Aim of the exercise >> Please return the listing exactly as written, but without its pictures.

Supplied information >>
-----
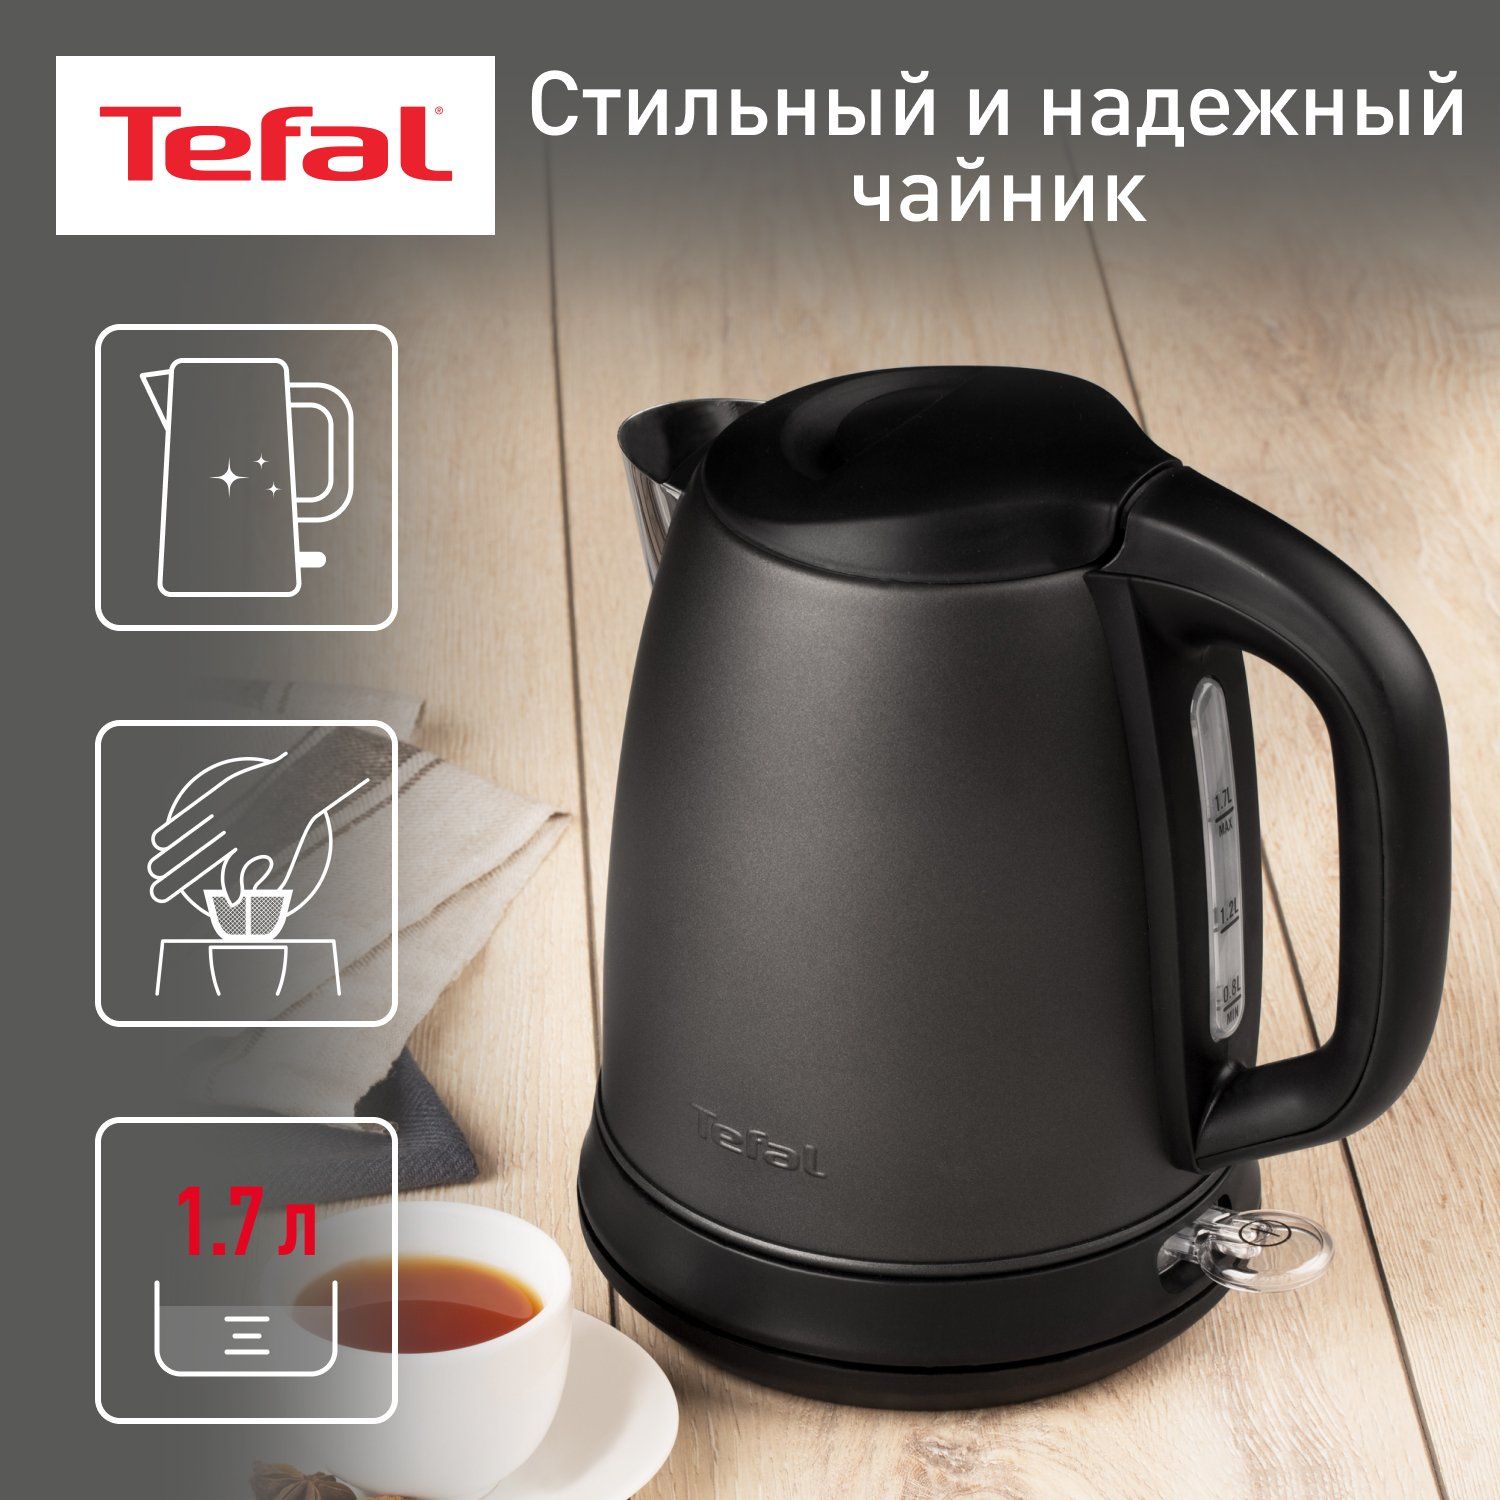 Чайник электрический Tefal Confidence KI270930, 1.7 л, графит/черный фильтр tefal zr904501
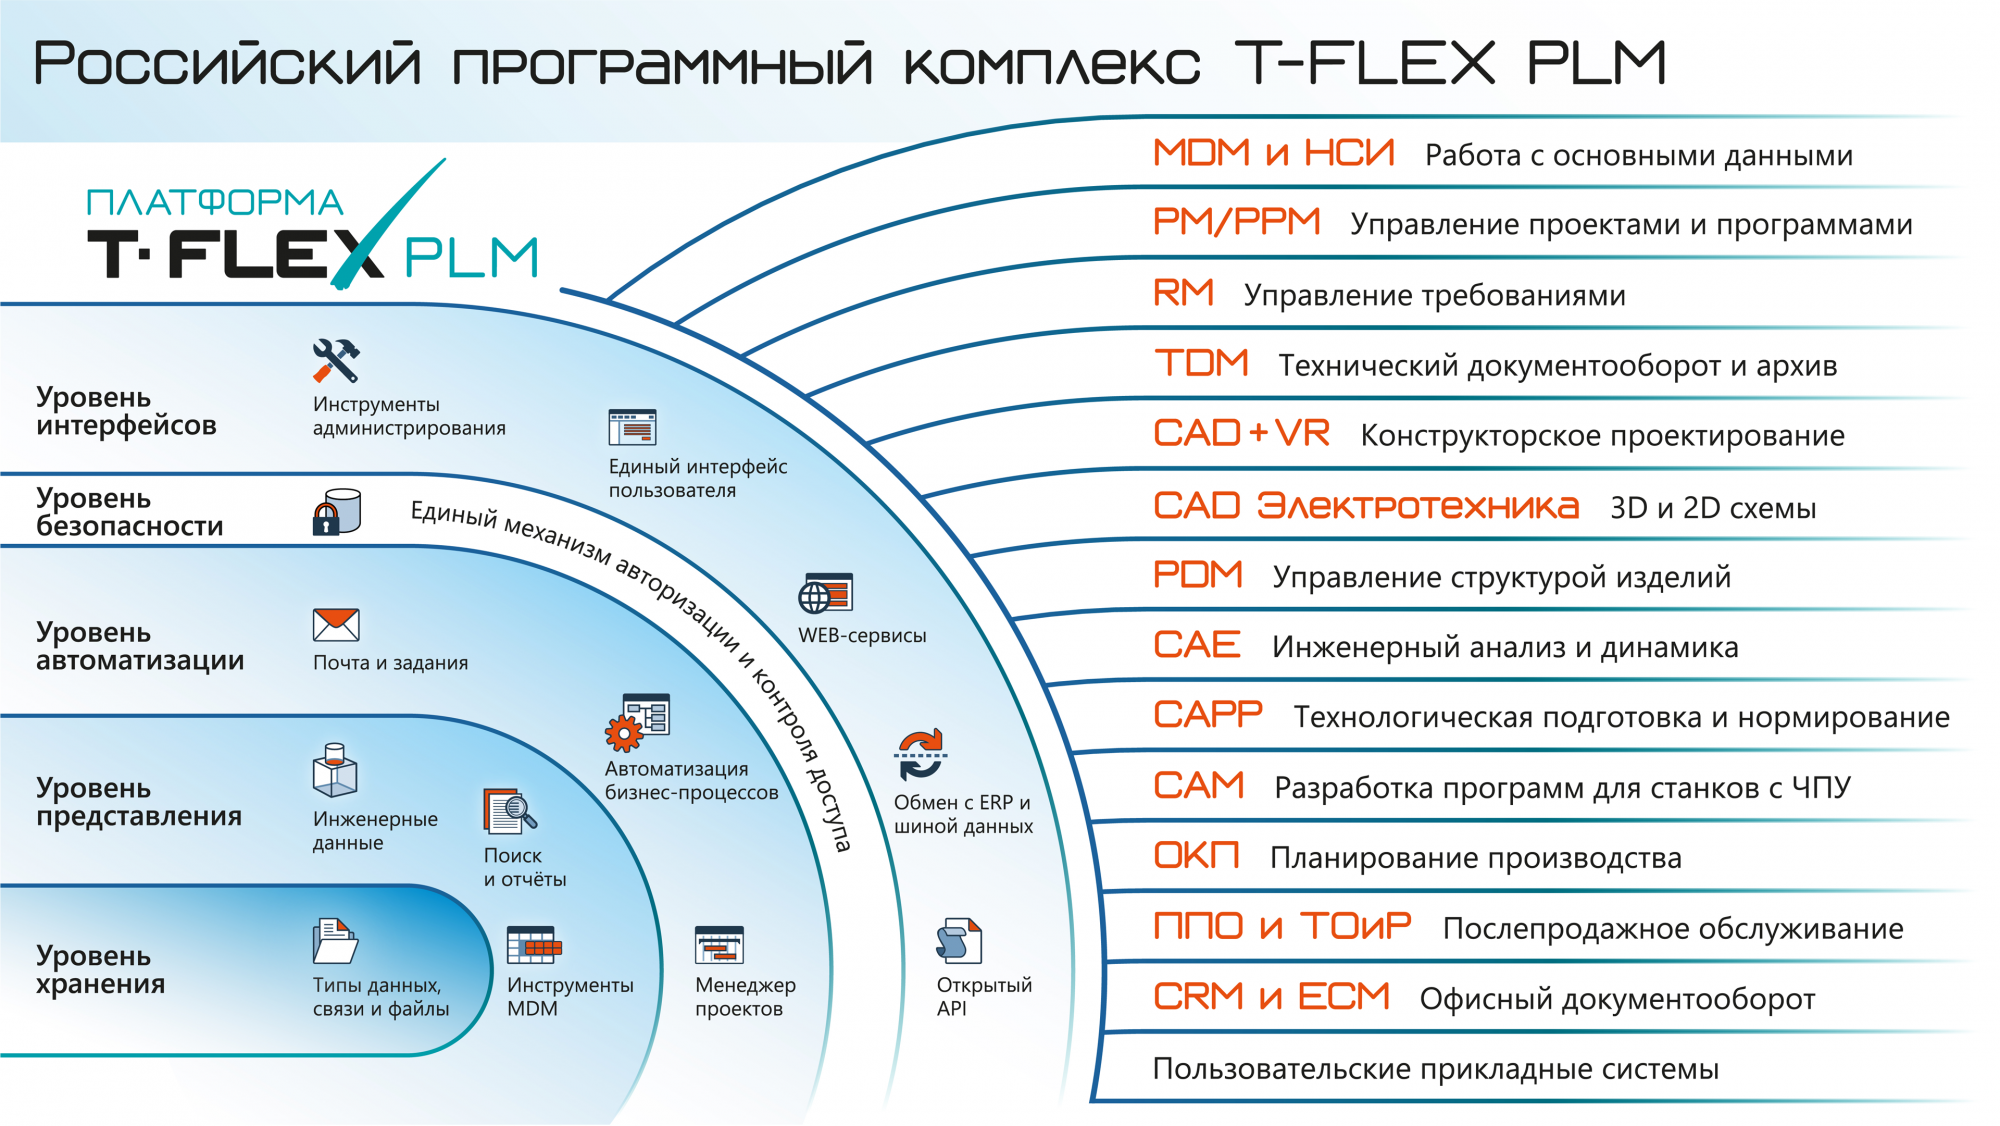   T-FLEX PLM
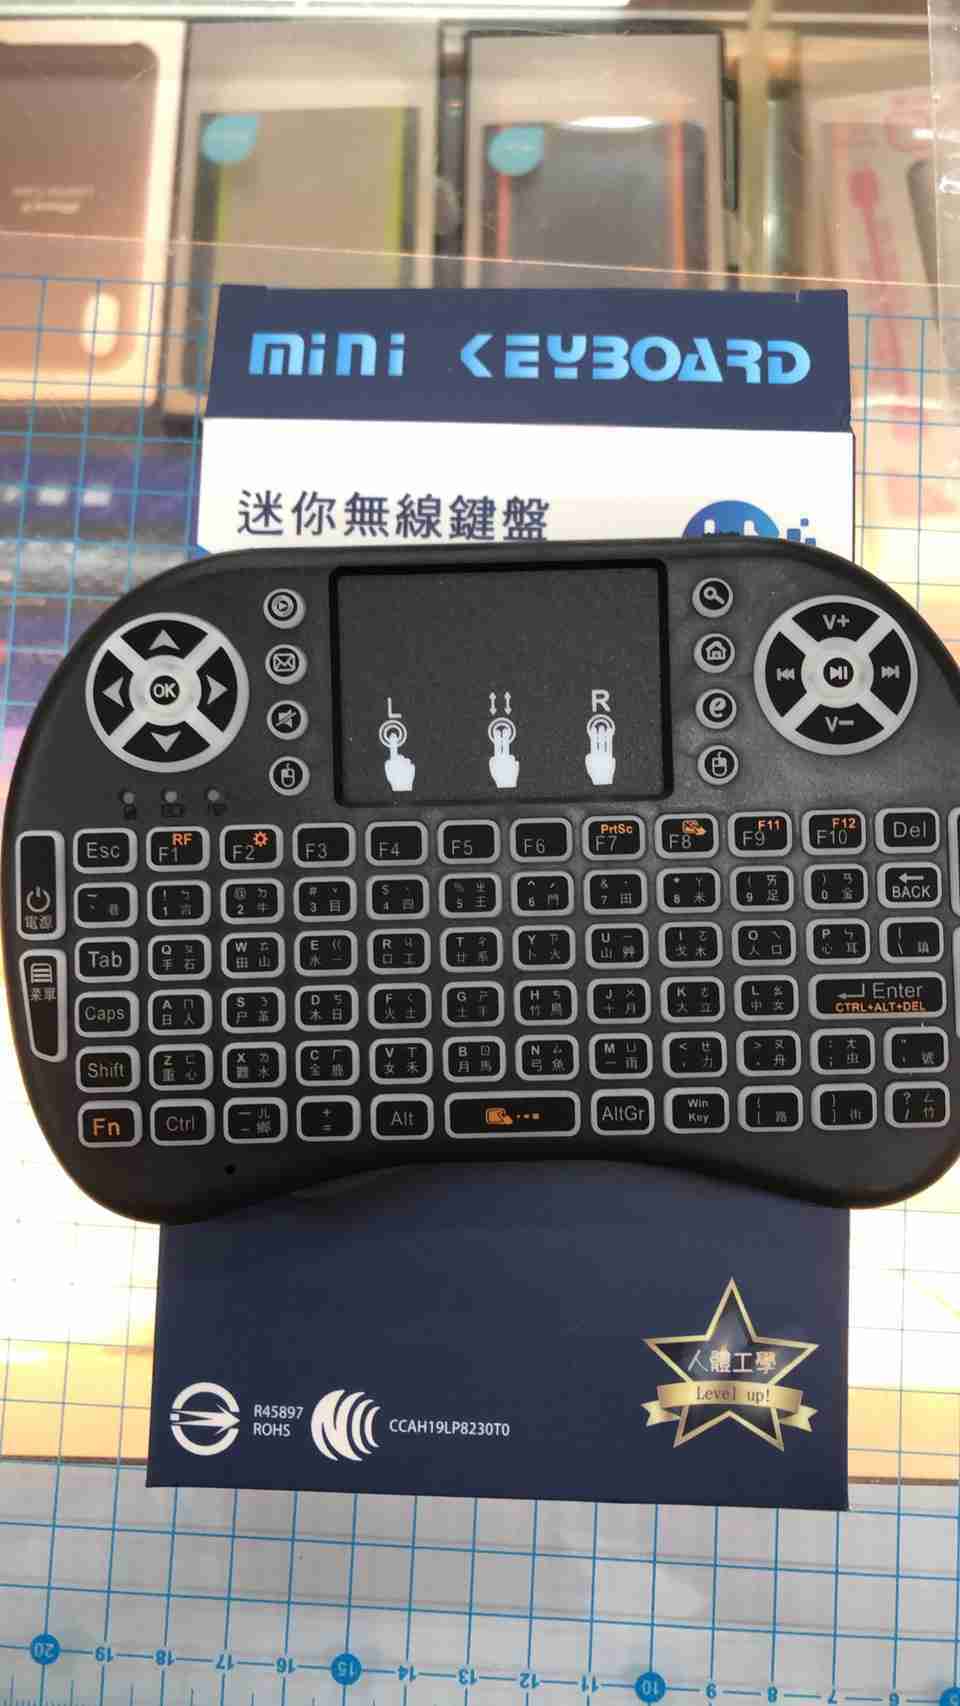 【艾爾巴數位】全新 無線鍵盤 無線連接 迷你 超輕薄 (國家商檢認證) 可用於電視機上盒、電腦、等3C設備
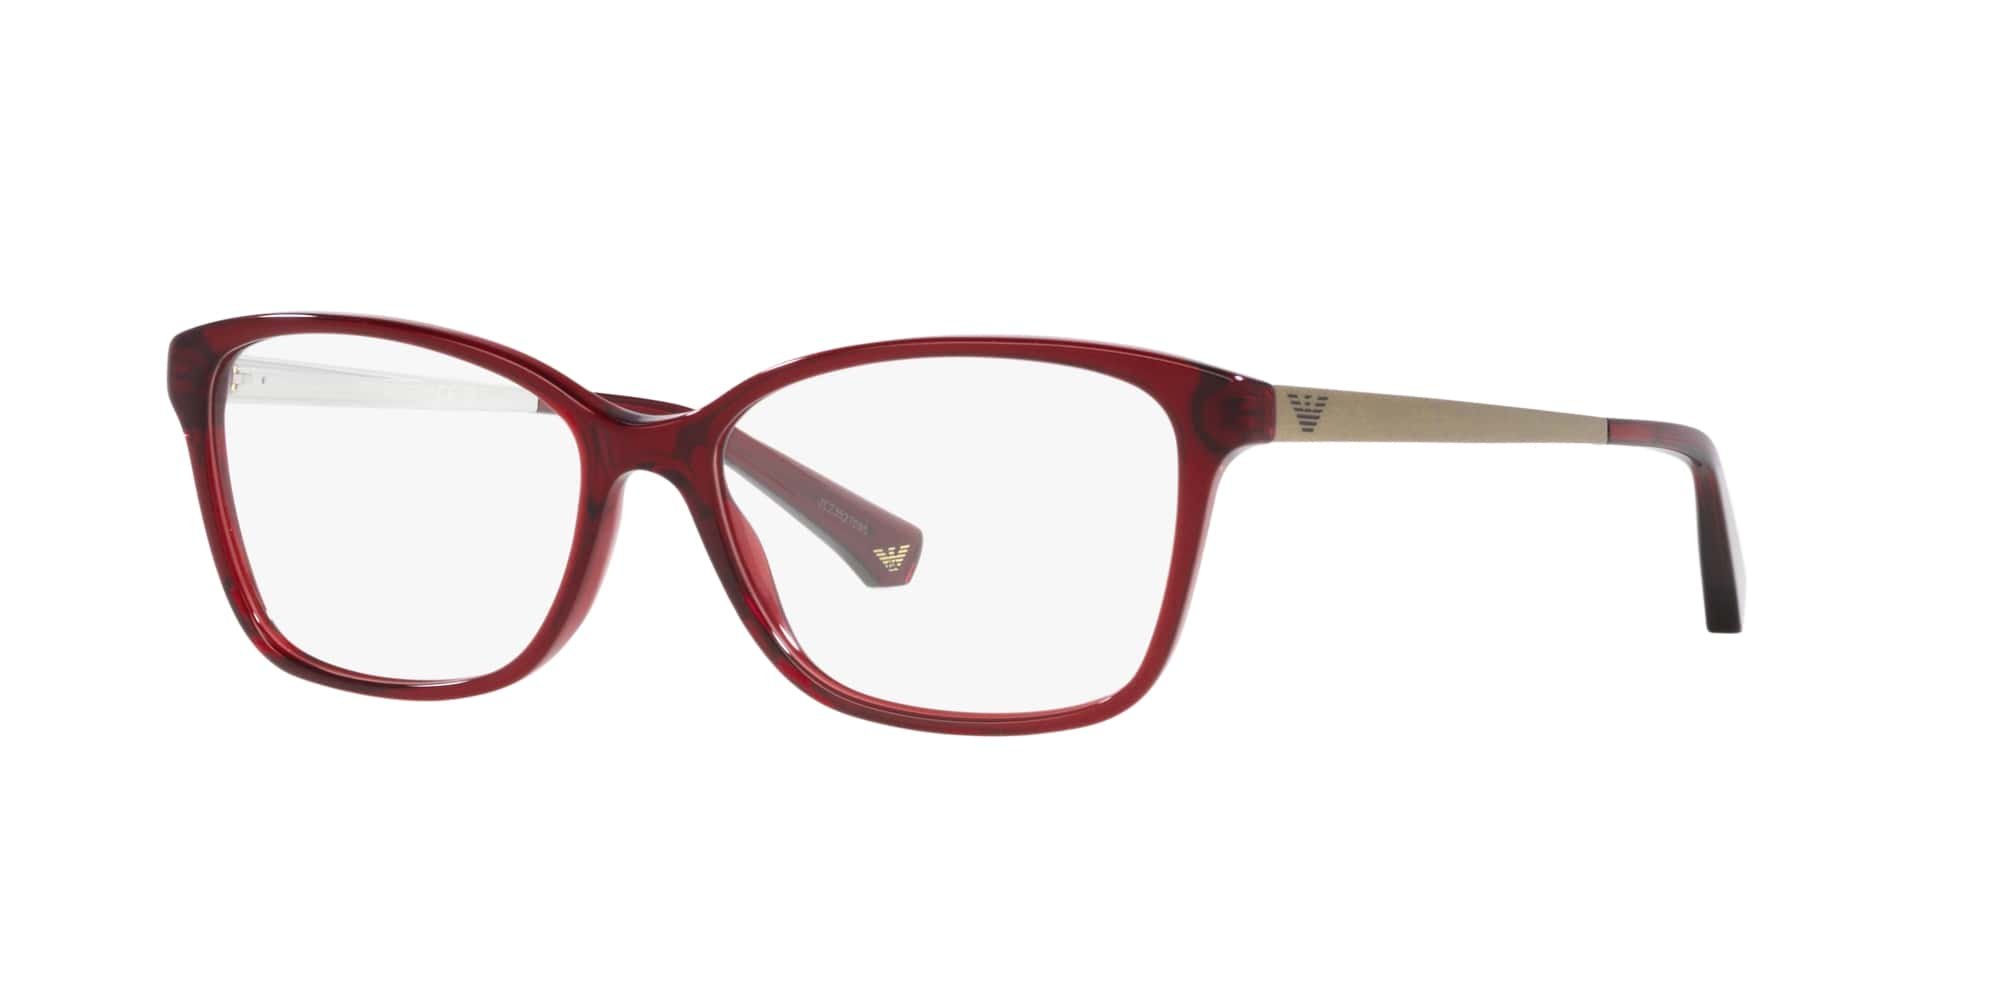 Das Bild zeigt die Korrektionsbrille EA3026 5968 von der Marke Emporio Armani in Bordeaux.
-----
Output for this task >>
 Чайник электрический Tefal Confidence KI270930, 1.7 л, графит/черный фильтр tefal zr904501
   T-FLEX PLM
 【艾爾巴數位】全新 無線鍵盤 無線連接 迷你 超輕薄 (國家商檢認證) 可用於電視機上盒、電腦、等3C設備
 Das Bild zeigt die Korrektionsbrille EA3026 5968 von der Marke Emporio Armani in Bordeaux.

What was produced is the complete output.